*** Stored data Section Begins ***

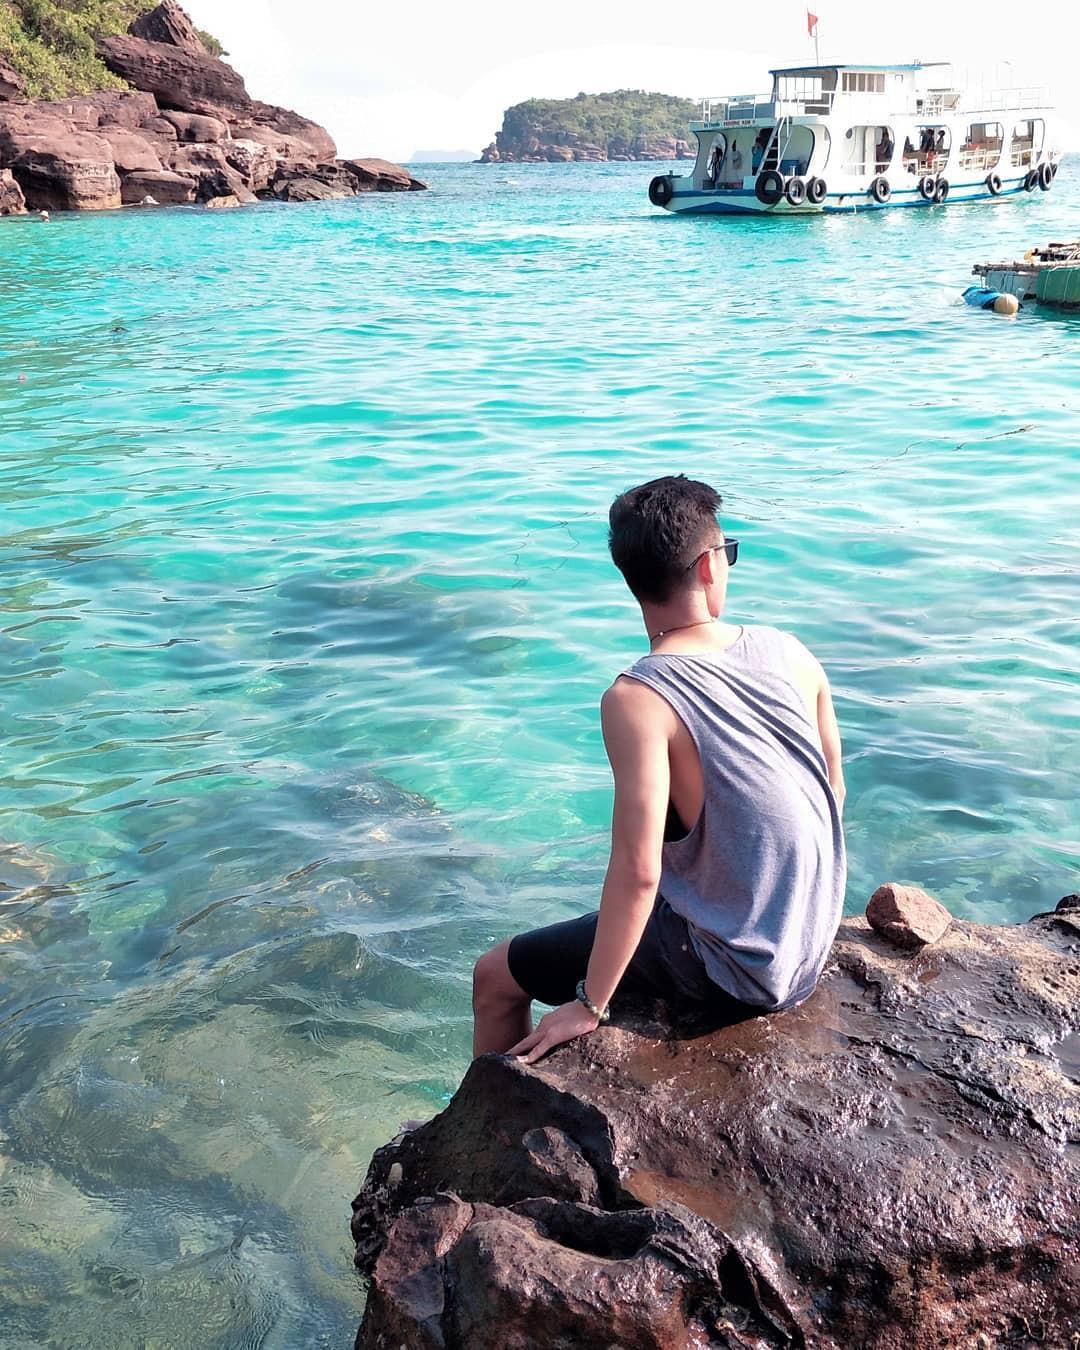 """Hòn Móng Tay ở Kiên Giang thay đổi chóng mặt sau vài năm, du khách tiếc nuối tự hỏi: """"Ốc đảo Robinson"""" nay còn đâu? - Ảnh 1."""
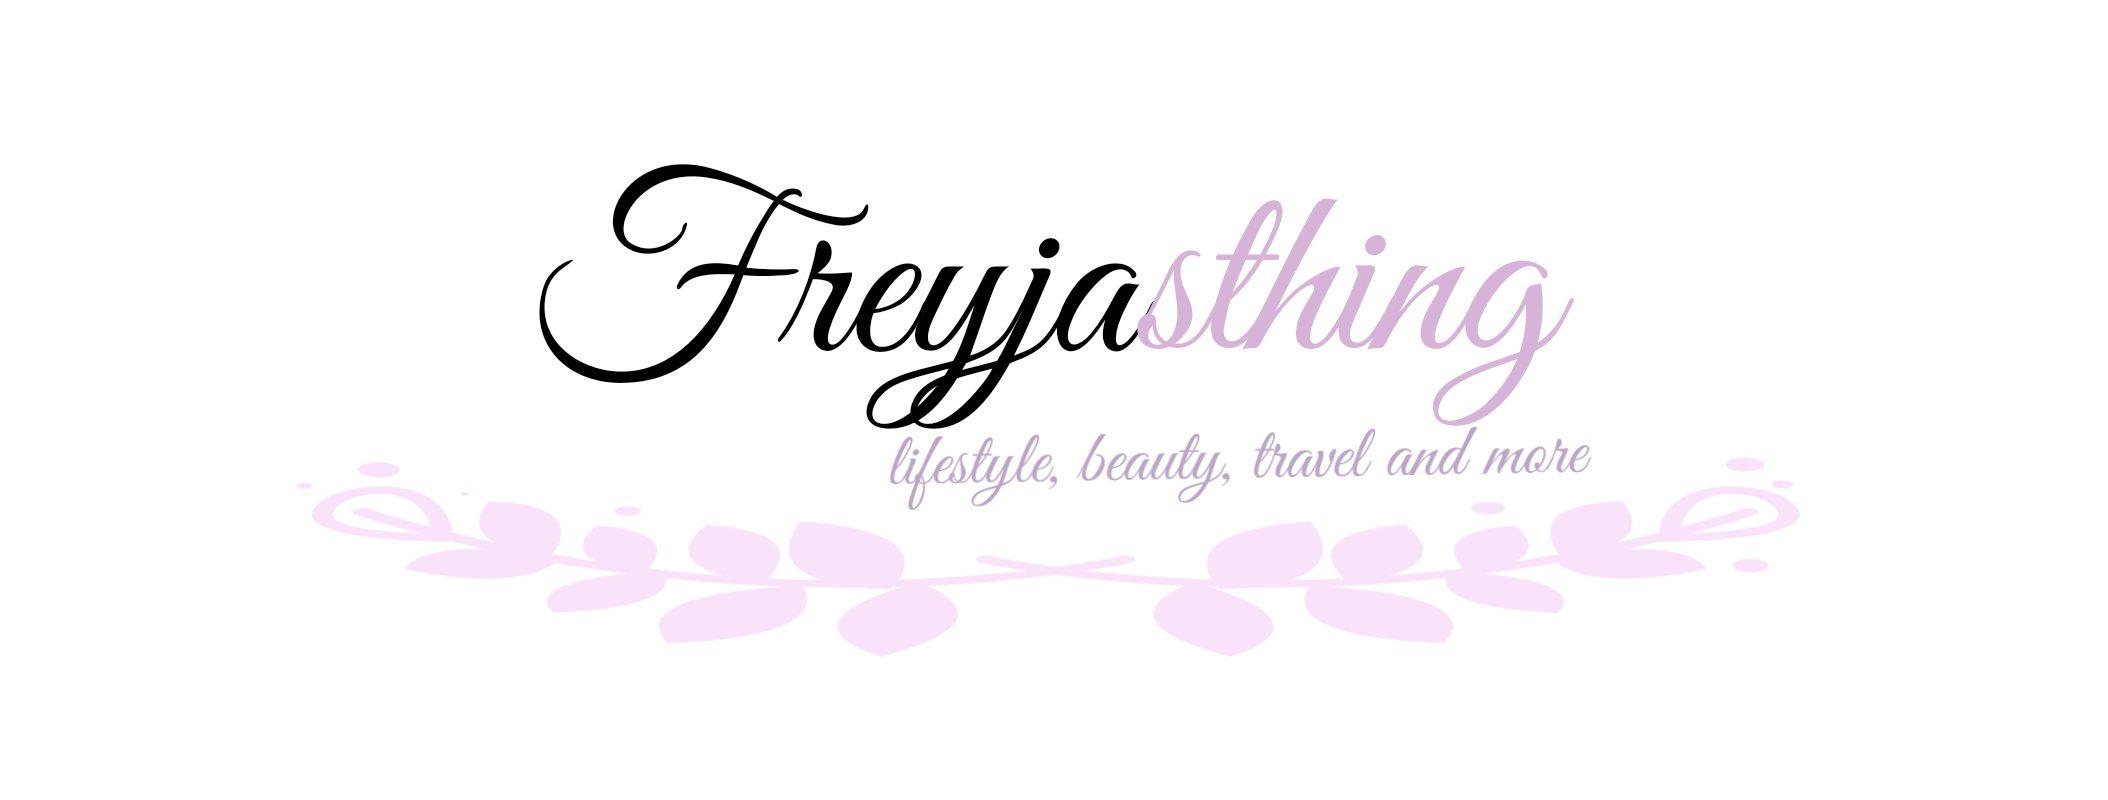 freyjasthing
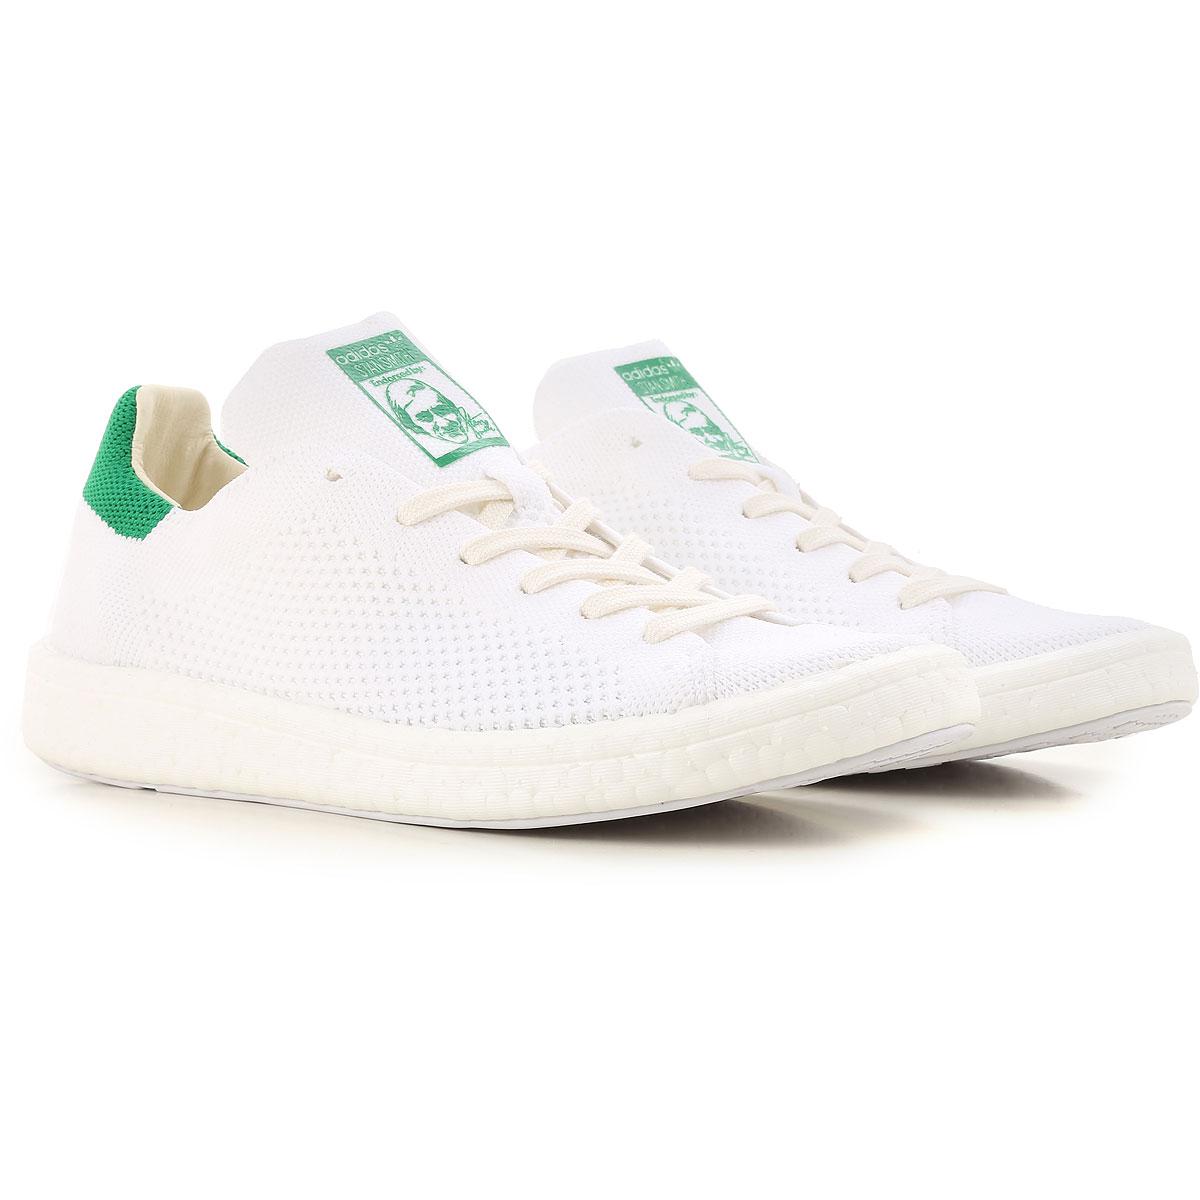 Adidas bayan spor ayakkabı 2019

*** Stored data Section Ends ***

_Exercise directions_:
Return the data exactly as it stands, minus the pictures.

_Solved exercise_:
 """Hòn Móng Tay ở Kiên Giang thay đổi chóng mặt sau vài năm, du khách tiếc nuối tự hỏi: """"Ốc đảo Robinson"""" nay còn đâu? - Ảnh 1."""
 freyjasthing
 Adidas bayan spor ayakkabı 2019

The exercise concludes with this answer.